# [WHAT IS REQUIRED]
Leave the pictures aside and copy all the data exactly.

------------------------------

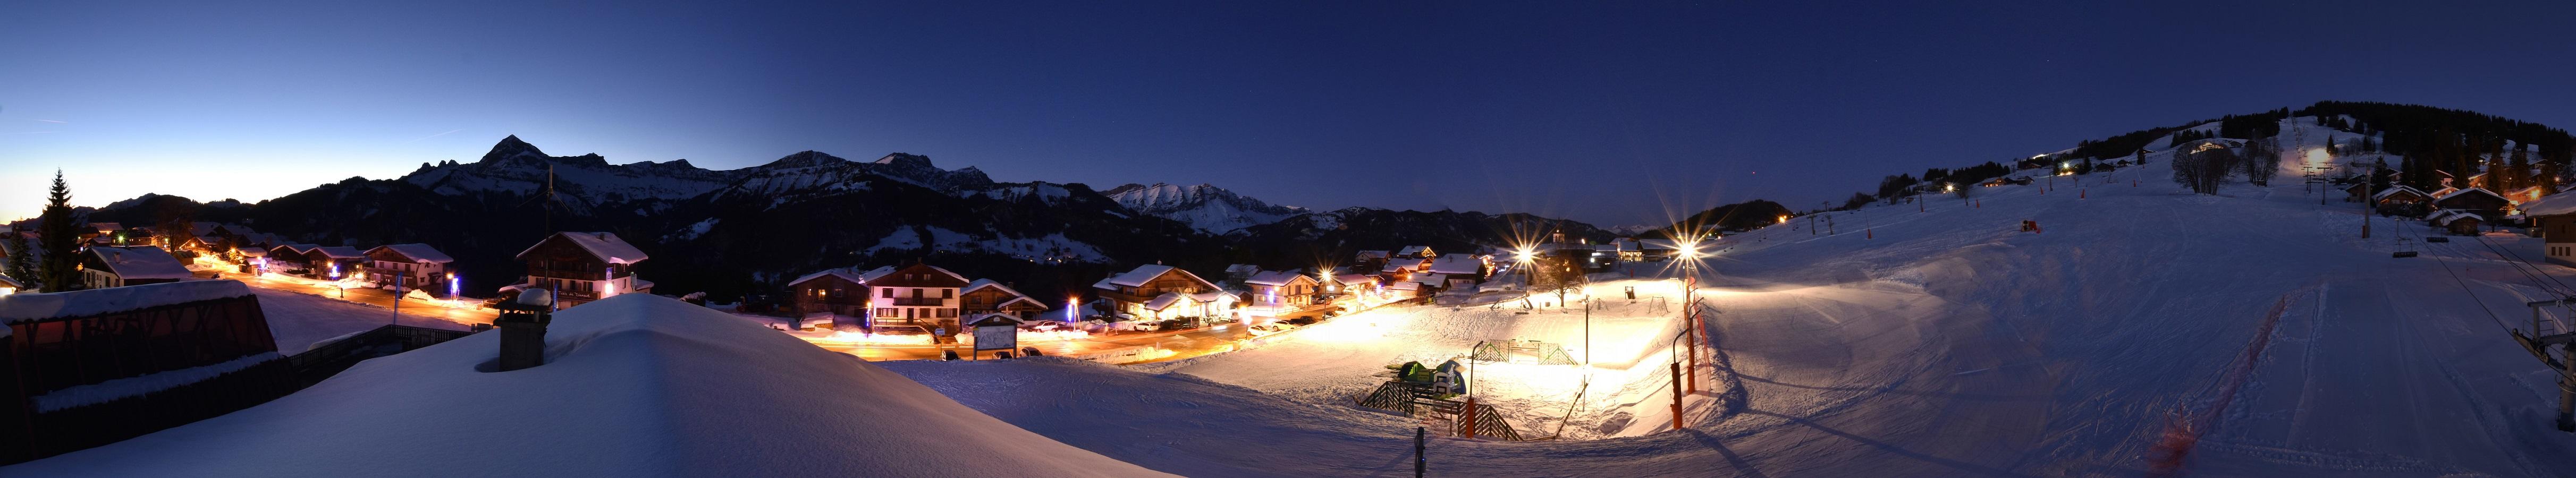 Le village de Crest-Voland illuminé et les Aravis : splendide !
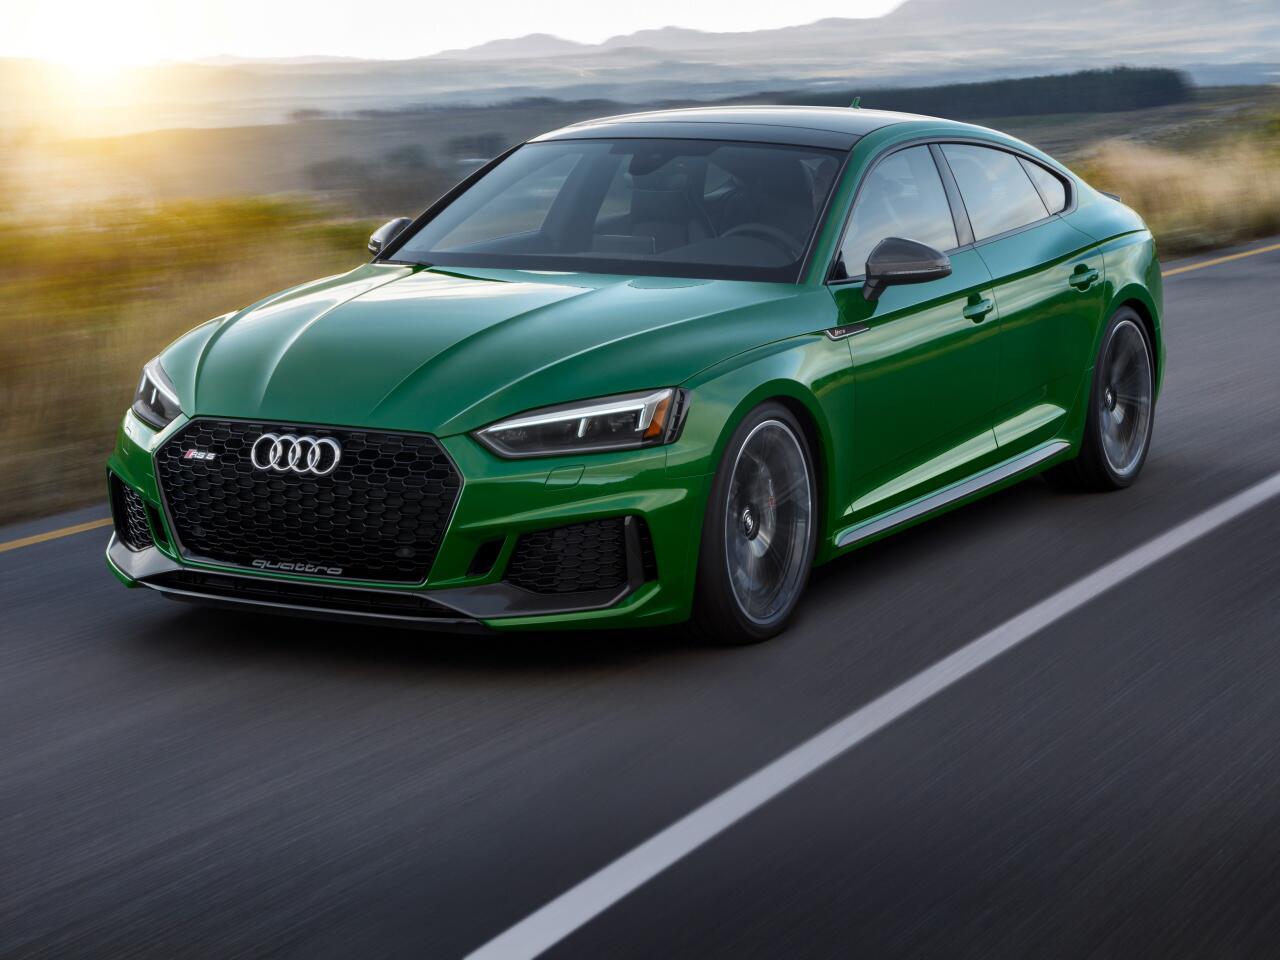 Bild zu High-Performance-Coupé: Der neue Audi RS 5 Sportback setzt zum Überholen an
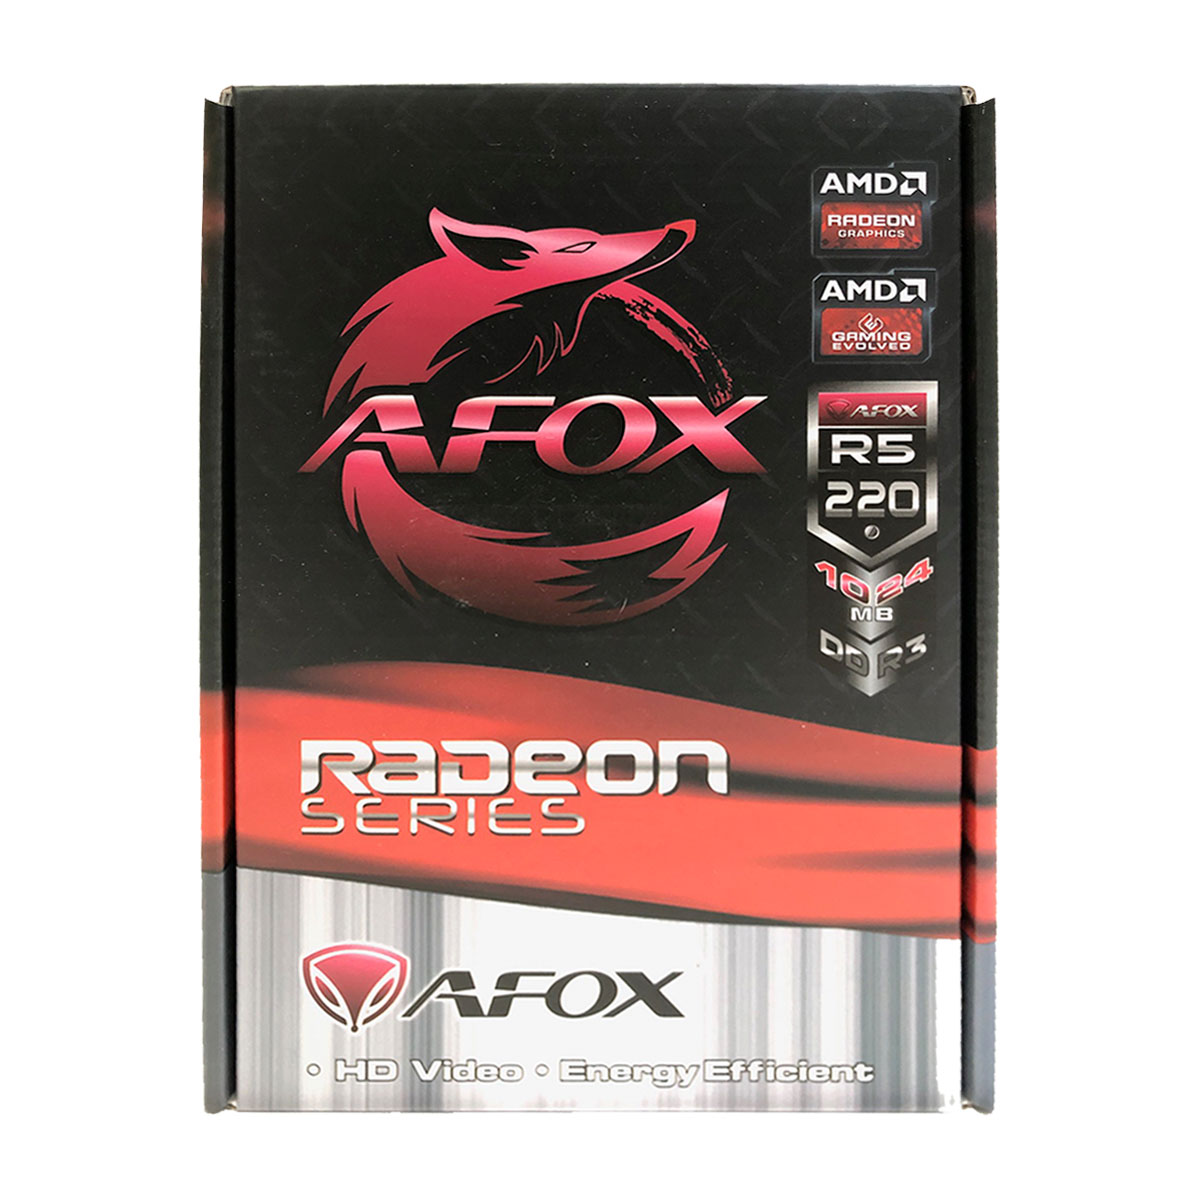 Placa de Vídeo AFOX Radeon R5 220, 1GB, DDR3, 64 Bits, Low Profile, HDMI/DVI/VGA - AFR5220-1024D3L5
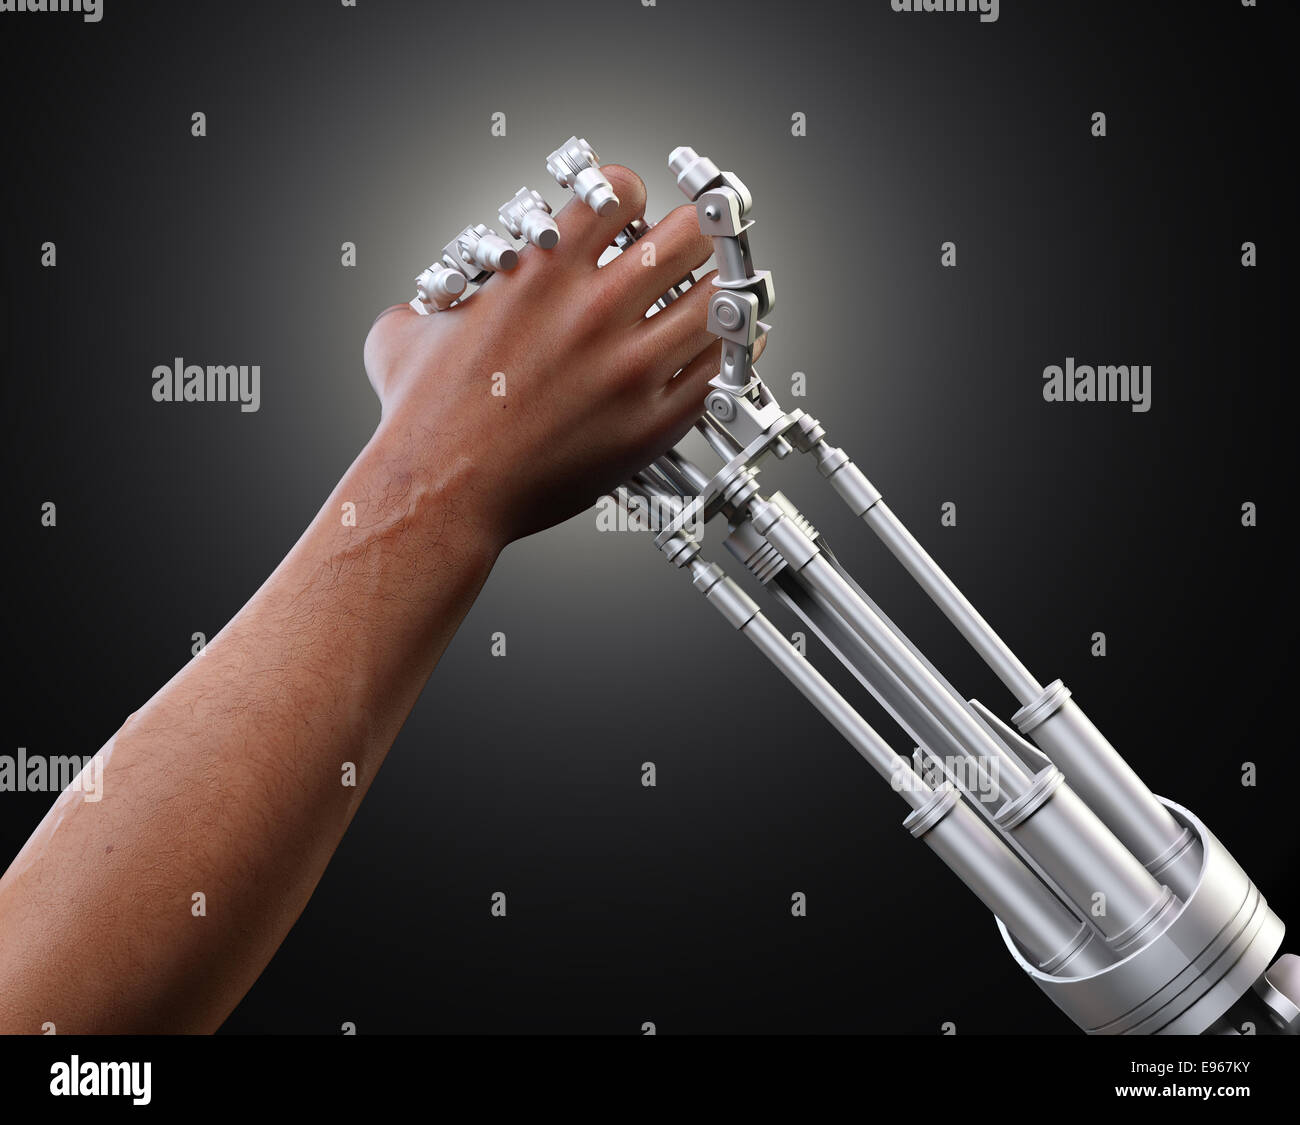 Hombre y un robot cogidos de la mano o el brazo wrestling - máquina vs derechos Imagen De Stock
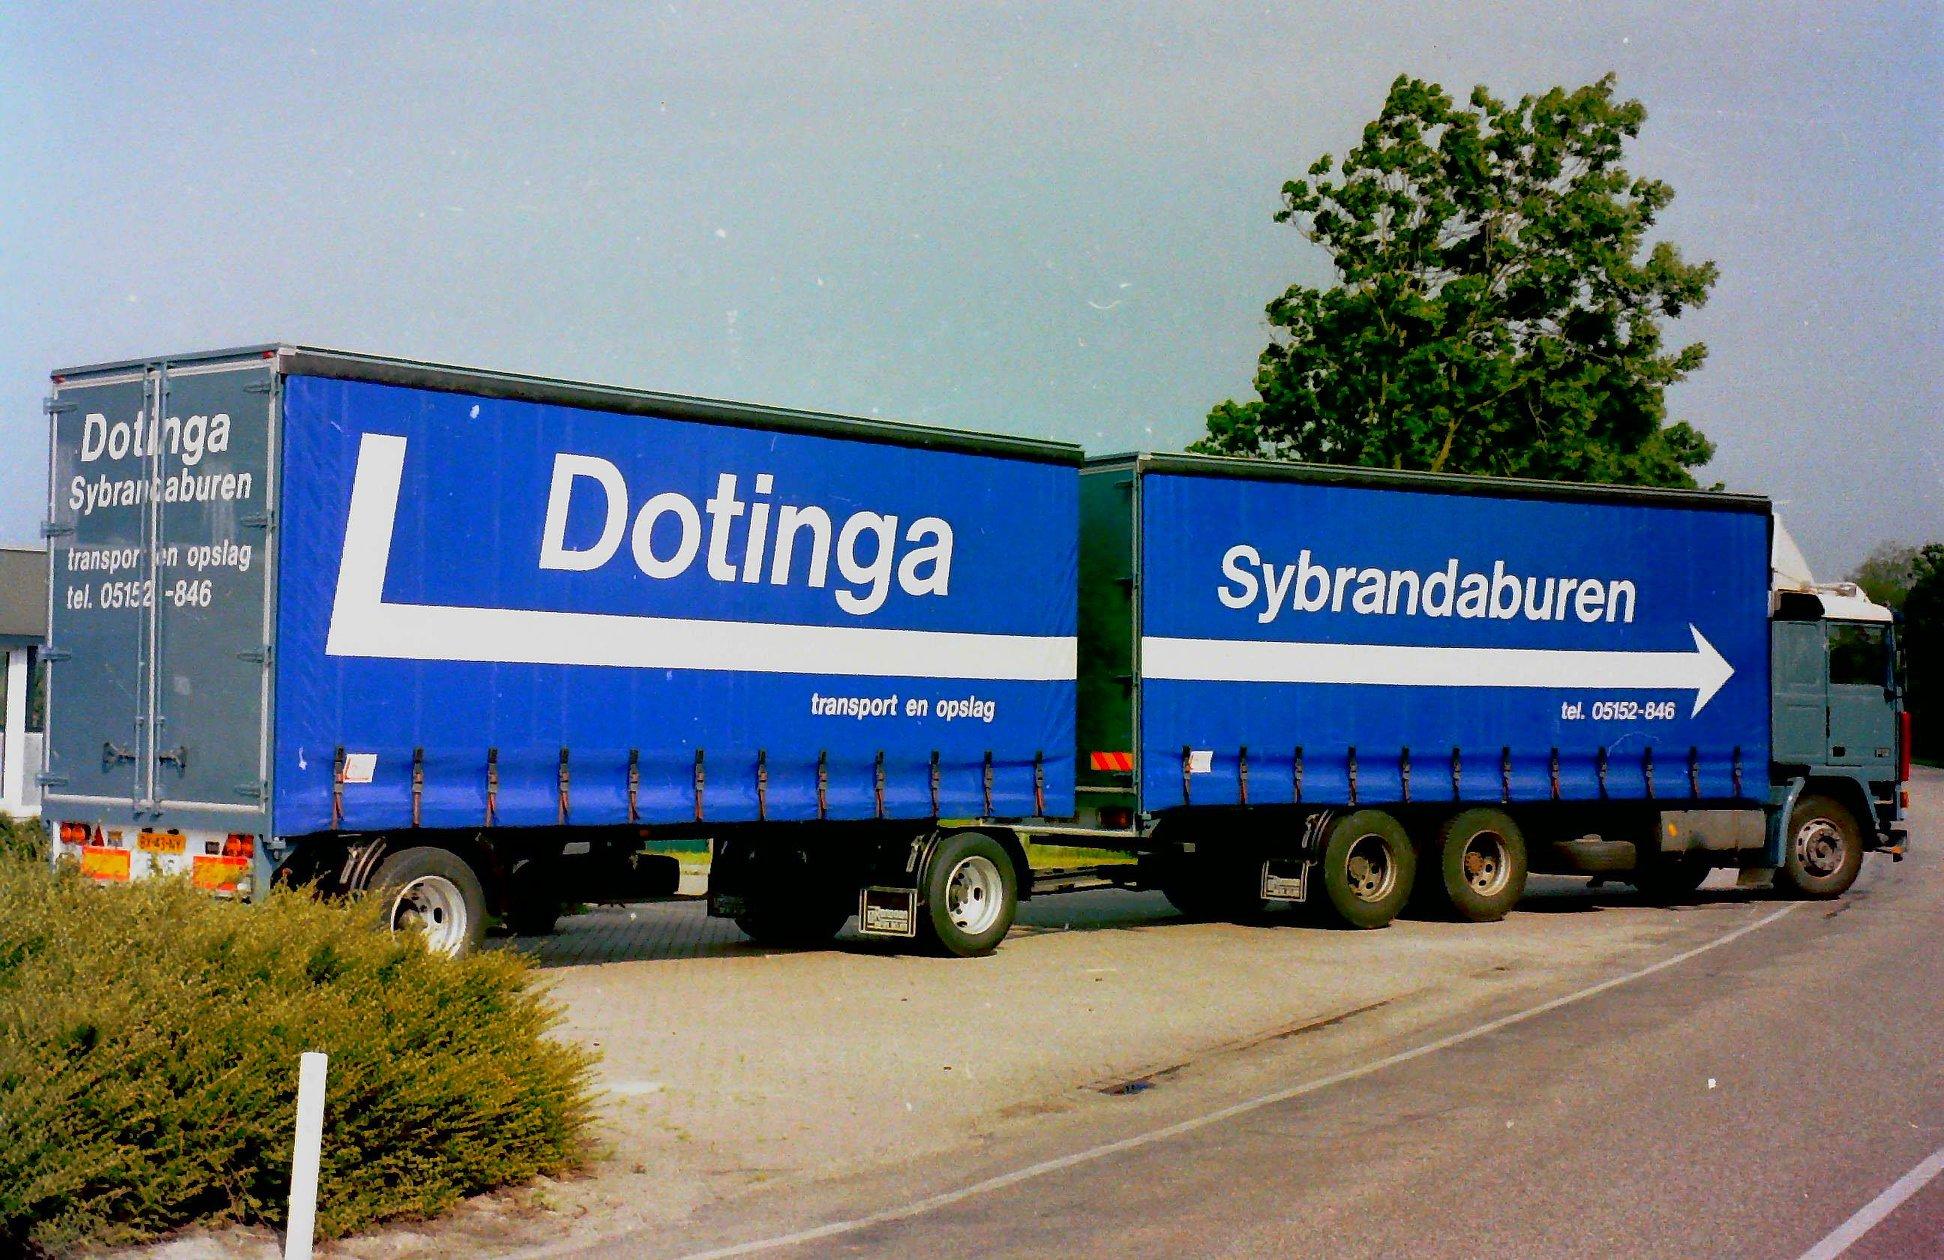 Volvo-door-Rondaan-opgebouwd-met-RAF-aanhangwagen-voor-Melle-Dotinga-uit-Sybrandeburen-2

------------------------------

# [TASK ANSWER]
 Le village de Crest-Voland illuminé et les Aravis : splendide !
 Bild zu High-Performance-Coupé: Der neue Audi RS 5 Sportback setzt zum Überholen an
 Placa de Vídeo AFOX Radeon R5 220, 1GB, DDR3, 64 Bits, Low Profile, HDMI/DVI/VGA - AFR5220-1024D3L5
 Hombre y un robot cogidos de la mano o el brazo wrestling - máquina vs derechos Imagen De Stock
 Volvo-door-Rondaan-opgebouwd-met-RAF-aanhangwagen-voor-Melle-Dotinga-uit-Sybrandeburen-2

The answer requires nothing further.